Thursday, June 28, 2007

New eBooks about (not quite about) and inspired by earthquakes

Earthquakes have been on my mind lately – it is, after all, the 15 year anniversary of the Landers Quake; the biggest earthquake in 40 years – 7.3! I vividly remember being shaken out of bed.

So, with earthquakes on my mind, it is no surprise that I ended choosing with the following eBooks: Little Earthquakes by Jennifer Weiner and I Feel Earthquakes More Often Than They Happen by Wilentz, Amy

This was a very fun read -- probably too much like "chick lit" for the guys in the audience -- I am willing to bet that every mother can relate to the story in this book.
Babies are wonderful but change is hard, marriage is a challenge and sometimes the best you can do survive with the help of friends and a little humor.

Now, in Jennifer Weiner's richest, wittiest, most true-to-life novel yet, this highly acclaimed storyteller brings readers a tale of romance, friendship, forgiveness, and extreme sleep deprivation, as three very different women navigate one of life's most wonderful and perilous transitions: the journey of new motherhood.

Rebecca Rothstein-Rabinowitz is a plump, sexy chef who has a wonderful husband, supportive friends, a restaurant that's received citywide acclaim, a beautiful baby girl...and the mother-in-law from hell. Kelly Day's life looks picture-perfect. But behind the doors of her largely empty apartment, she's struggling to balance work and motherhood and marriage, while entering Oliver's every move (and movement) on a spreadsheet, and dealing with an unemployed husband who seems content to channel-surf for eight hours a day. And Ayinde Towne is already on shaky ground, trying to live her life to the letter of a how-to guide called Baby Success, when her basketball superstar husband breaks her trust at the most vulnerable moment in her life, putting their marriage in peril -- and their new family even more in the public eye.
Then there's Lia Frederick, a Philadelphia native who has just come home, leaving Los Angeles behind, along with her glamorous Hollywood career, her husband, and a tragic secret, to start her life all over again. With her trademark warmth and humor, Weiner tells the story of what happens after happily ever after...and how an eight-pound bundle of joy can shake up every woman's sense of herself in the world around her. From prenatal yoga to postbirth sex, from sisters and husbands to mothers and mothers-in-law, Little Earthquakes is a frank, funny, fiercely perceptive Diaper Genie-eye view of the comedies and tragedies of love and marriage. "

I totally recommend this book. Lots of fun!

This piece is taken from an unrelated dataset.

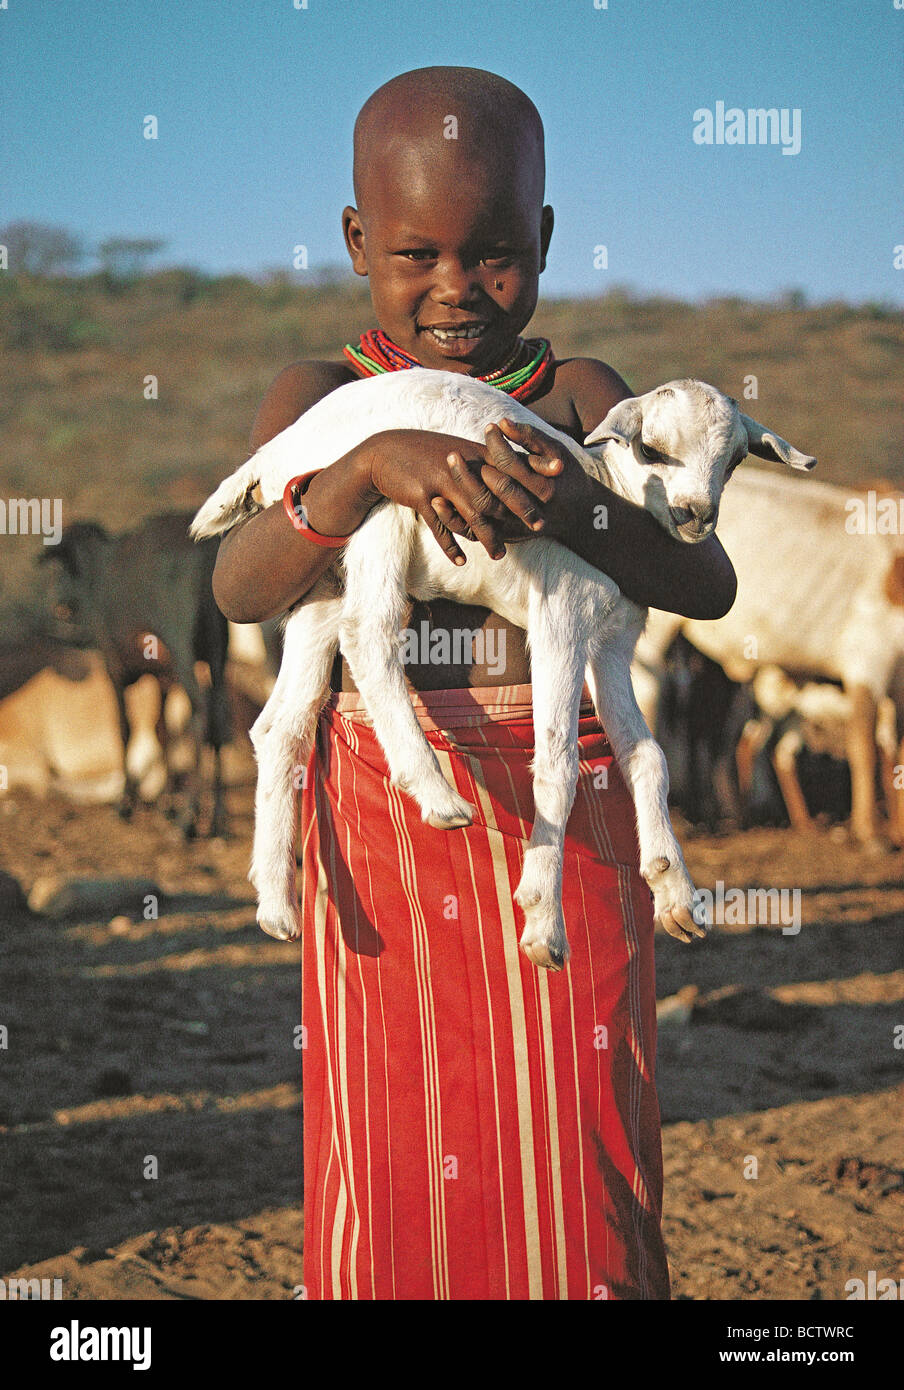 Young Samburu girl with a big smile holding a baby Goat near Samburu National Reserve Kenya East Africa Stock Photo

The juxtaposition of Earthquakes and Schwarzenegger grabbed my attention. I’m a native Californian; we do earthquakes. Obviously, this is a book written by “one of them-there fr'reigners”. It's always amusing to see how others view us.

Past California governors include an almost-Jesuit, an actor, a Supreme Court Justice in waiting and at least one certified crook. We once had “Slick” Willie Brown as Speaker of the House. All infinitely more strange than an Austrian bodybuilder.

The official synopsis should have said:
---- Warning: East Coast Snob Disses all things Californian ----
What it says instead is:

From Amy Wilentz, comes an irreverent, inventive portrait of the state of California and its unlikely governor, Arnold Schwarzenegger. As a lifelong easterner and an outsider in the West she takes the reader on a picaresque journey from exclusive Hollywood soirees to a fantasy city in the Mojave desert, from the La Brea Tar Pits to celebrity-besotted Sacramento, from the tents of Skid Row to surf-drunk Malibu, from a snowbird retreat near Mexico to the hippie preserve of tide-beaten Big Sur, along the way offering up sharp observations on politics, fund-raising, the water supply, the Beach Boys, earthquake preparedness, home economics, catastrophism, movie-star politicians, political movie stars, Charlie Manson, and location scouts who want to rent your house in order to make television commercials for bathroom wall cleansers or Swedish banks.

Wilentz moved to Los Angeles from a Manhattan wounded by September 11, only to discover a paradise marred by fire, flood, and mudslides. In what seemed like a joke to her, a Democratic governor nicknamed Gumby was about to be ousted by an Austrian muscleman in a bizarre election promoted by a millionaire whose business was car alarms. Intrigued, she set out to find the essence of the quirky, trailblazing state. During her travels, she spots celebrities but can't quite place them, drops in on famous salons with habitués like Warren Beatty and Ariana Huffington, and visits the neglected office of one very special 9,000-year-old woman.

Plunging into the traffic of California, Wilentz noodles out meaning in some of the least likely of places; she sees the political in the personal and the personal in the political. By now an expert on tremors real and imagined, she offers readers on both coasts insights into where California stands today, and America as well.

Sounded pretty good; so and why not? I'm always up for a little wit and sarcasm.

Unfortunately I did not find it witty. There were little pieces that were amusing, but mainly it is a dull, mean spirited and incredibly repetitive rant on everything wrong with California and everyone she has ever met here.

The title is great; the book -- not so much.